Projecting Cultural Contacts

Projecting Cultural Contacts

A North East India festival was organised by the Indian Embassy in Bangkok, Thailand on July 27-29. Governments of the North Eastern States and a private Indian company M/s Trends MMS cooperated with the Indian Mission in making the event a success. The Ministry of External Affairs (MEA) obviously gave priority to this festival because Rajkumar Ranjan Singh, one of the three ministers of state in MEA went for its inauguration. The Thai government too gave it importance for it deputed deputy prime minister Jurin Laksanawisit to jointly inaugurate it with Singh. Significantly, the chief minister of Nagaland Neiphiu Rio and Meghalaya chief minister Conrad Sangma were in Bangkok for the event. Officials from other North Eastern states also participated in the festival.

This festival was a second ‘edition’ of an endeavour to build a close connect between the North Eastern States and South East Asia. Indeed a MEA press release of August 1 notes “…an academic seminar on historical connect between North East India and South East Asia was organised during the festival”. Over the past two decades India has not been shy in focussing, in fact it has emphasised, these historical connections which include ethnic connections too. While it can be argued that this is within the rubric of the projection of cultural contacts between the region and India it has to be acknowledged that it is not entirely subsumed between the contacts that contributed to Indian influence witnessed in monuments seen in Angkor Wat in Cambodia or in different versions of the Ramayana which is, in many cases, part of the current cultural traditions of some South Eastern countries.

There is another aspect of the Indian desire to enhance comprehensive interaction between the ASEAN world and the North East. In the initial decades after independence as separatist insurgencies took root in many parts of the North East the central government was keen to keep the area isolated from foreign influences. It took time to make administrative and political arrangements to counter the insurgencies being supported and encouraged by a number of inimical foreign forces. These arrangements took the form of, among other steps, the creation of new states to fulfil the aspirations of the distinct groups which inhabited this part of the country. As these states settled down the people of these states saw a future in becoming an active part of Indian national life, while maintaining their distinct traditions and culture. This led to a decline in separatist sentiment. It also led to a greater sensitivity and attention being shown to this important strategic area of the country in Delhi. The Modi government has added to this process which was already leading to shedding inhibitions of keeping the region isolated from South East Asia. It has to be acknowledged though that part of the difficulty lay in the deliberate isolation which Myanmar had imposed on itself and the violent unrest in some parts of Myanmar. And Myanmar is the gateway to provide, at least, land connectivity from the North East to South East Asia.
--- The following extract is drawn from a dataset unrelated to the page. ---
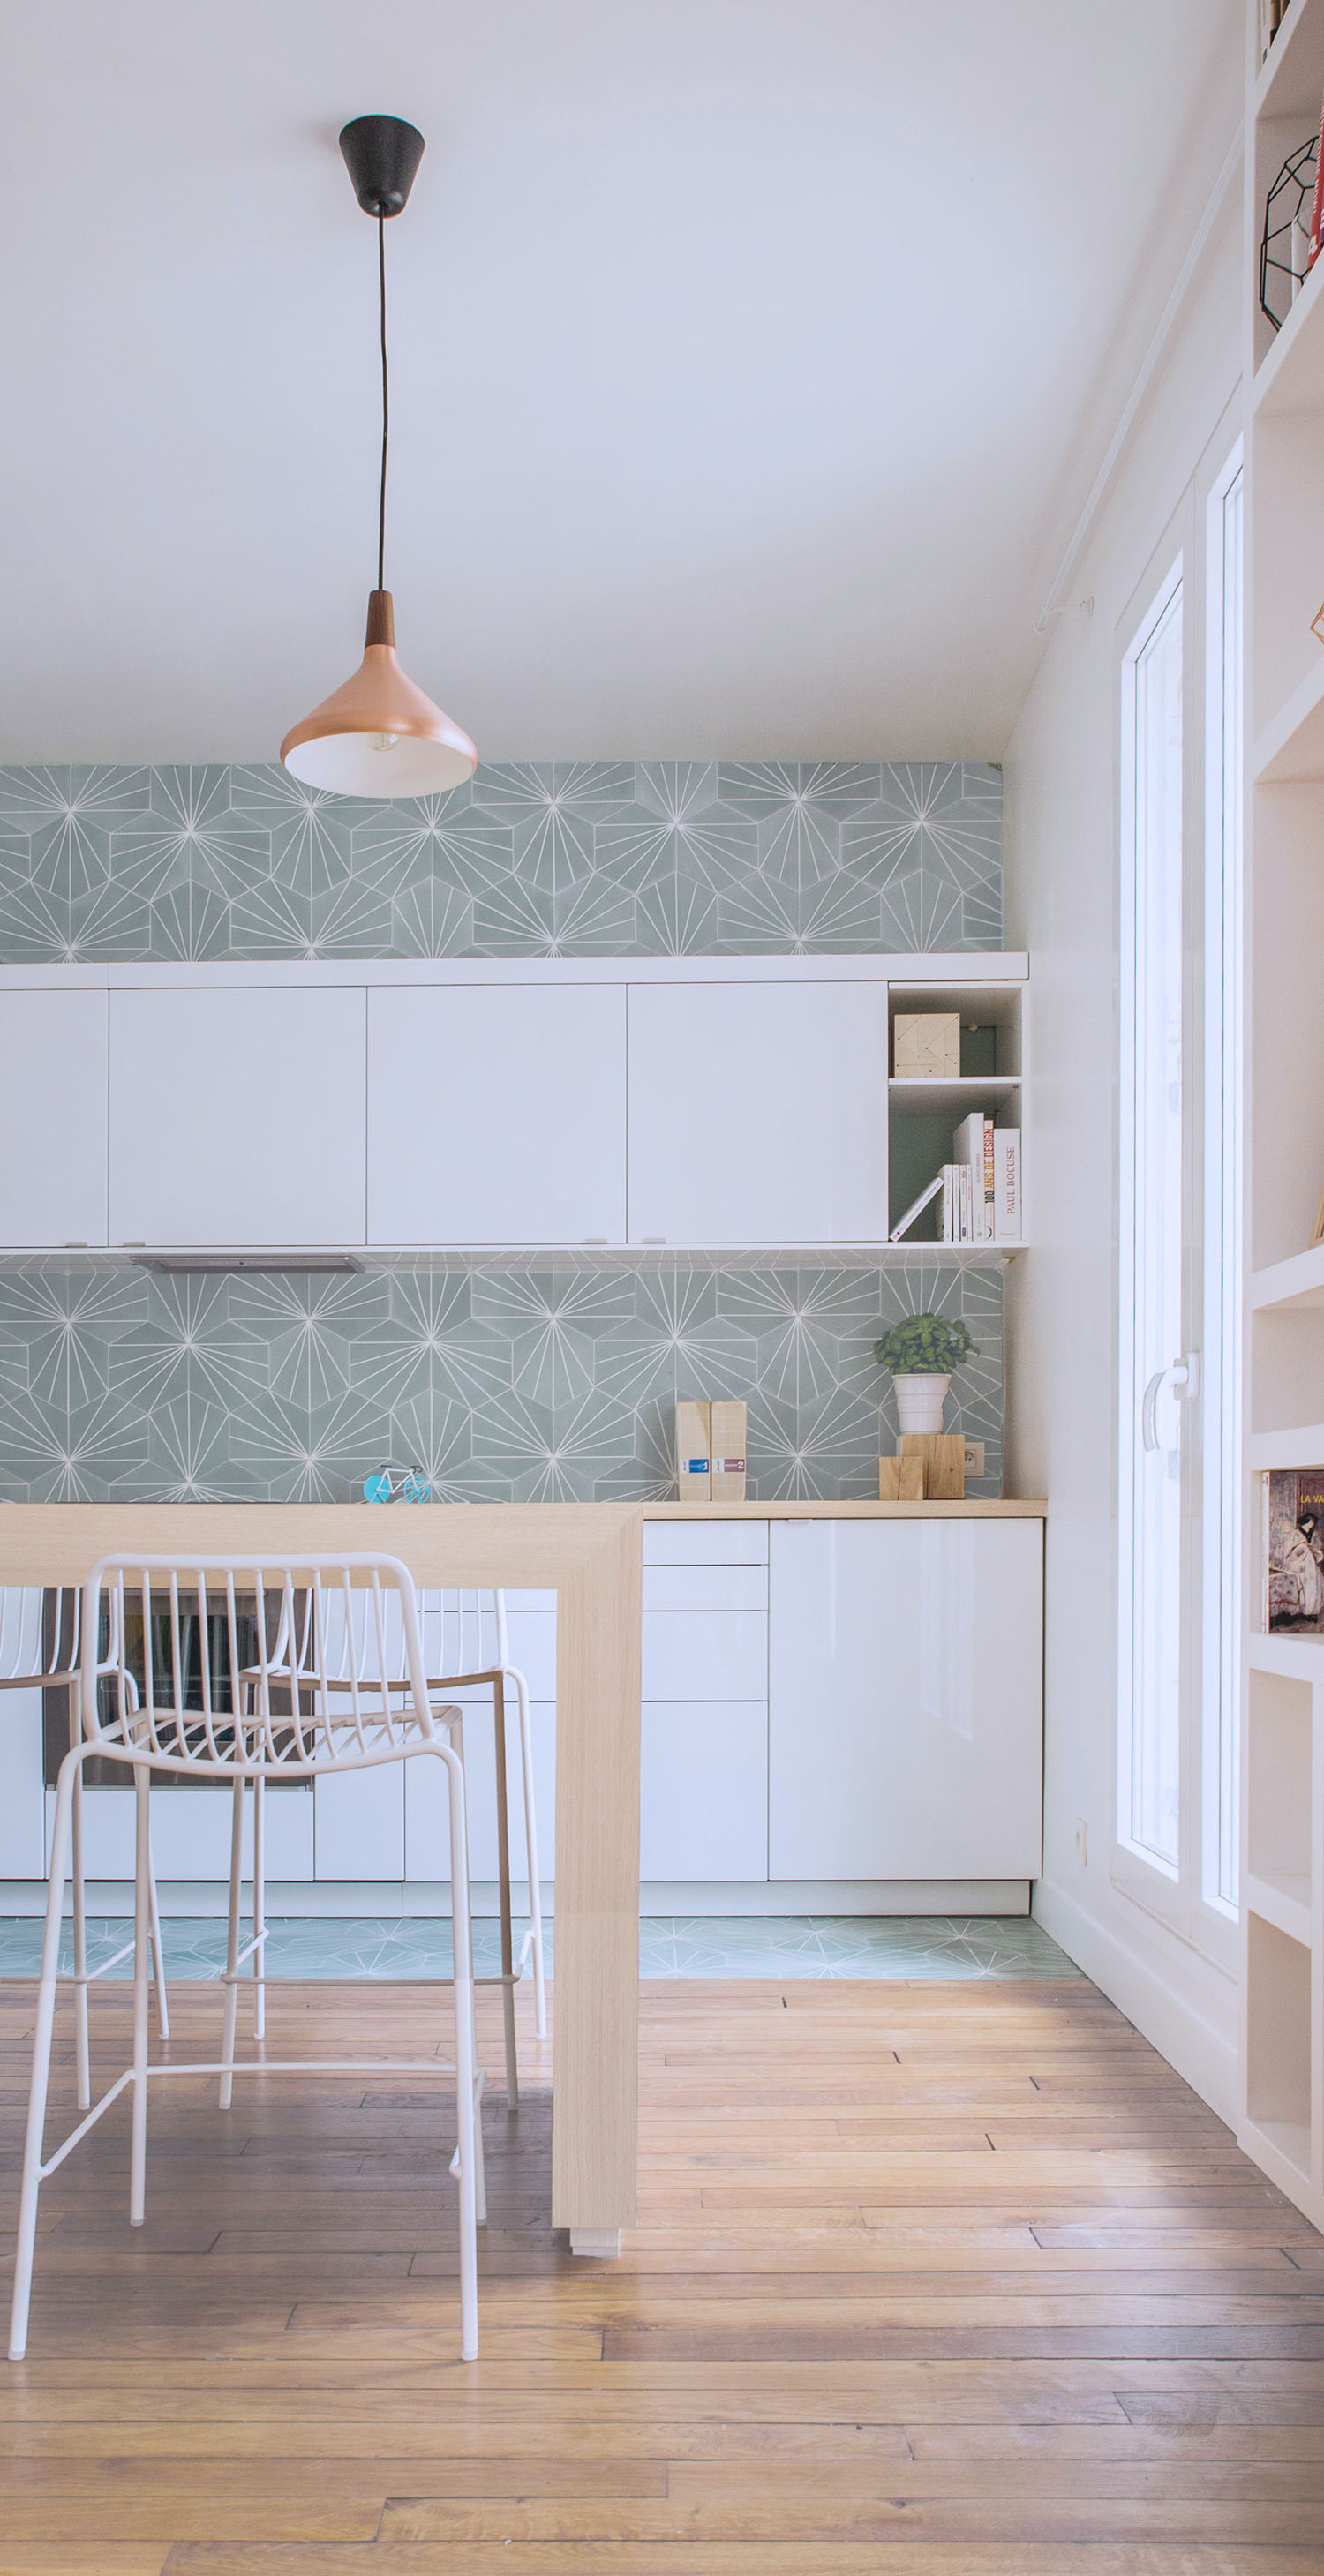 Dandelion - celadon/milk, France | Tiles | Pinterest | Dandelions ...

The North East festival featured as the MEA press release states “trade, investment and tourism promotion as well as people to people and academic exchanges between North East Indian States and Thailand”. All this falls in the ambit of India’s now Act East policy. Trade, investments and tourism promotion are all laudable objectives between this region of India and Thailand. In fact the Ahom people of Assam have close connections with the Thai people. Both trace their origin to the Thai speaking people who lived in the south west China. They migrated southwards from there about a thousand years ago. One group went towards what is now Thailand and parts of Laos while another towards north eastern India. There are similarities in the current language of the Thais and the Ahom but naturally their evolution through a thousand years has been different. However, a sense of affinity among some Thais and some Ahom people remain.

While the connections between the North East and Thailand should be encouraged relations between this region and other ASEAN countries should also be actively pursued. This is especially in the areas of trade and investments. This requires a fillip to be given to the India-Myanmar-Thailand trilateral highway. As this writer has previously noted the present political situation in Myanmar where the generals are conducting themselves in a reprehensible manner towards the countries democratic forces should not be allowed to come in the way of pursuing this most important connectivity project.

There is one more aspect of the North East festival which deserves attention. It is the association of a private Indian company with it. Details of the role played by the company have not been made known by the Indian embassy. It should be done so that controversies do not emerge later. During the festival the MEA states that “a large number of artists, craftsmen, businessmen/exhibitors, tour operators, scholars and academicians from the North Eastern states of India participated in the festival”. How was their participation arranged? If the private company played a role, it should become transparent. In the past the Indian Council of Cultural Affairs was the nodal agency to make arrangements for such participation. The government also established inter-ministerial groups for this purpose. Now if private companies are performing even partly a co-ordinating role, then that should be clarified for endeavours such as this festival serve Indian foreign policy interests and should not become controversial. This writer is making this point by way of abundant caution to prevent any shadow of doubt to fall on such laudable initiatives as this undertaken by the Indian embassy in Bangkok.

Disclaimer: The views and opinions expressed in this article are the personal opinions of the author. The facts, analysis, assumptions and perspective appearing in the article do not reflect the views of GK.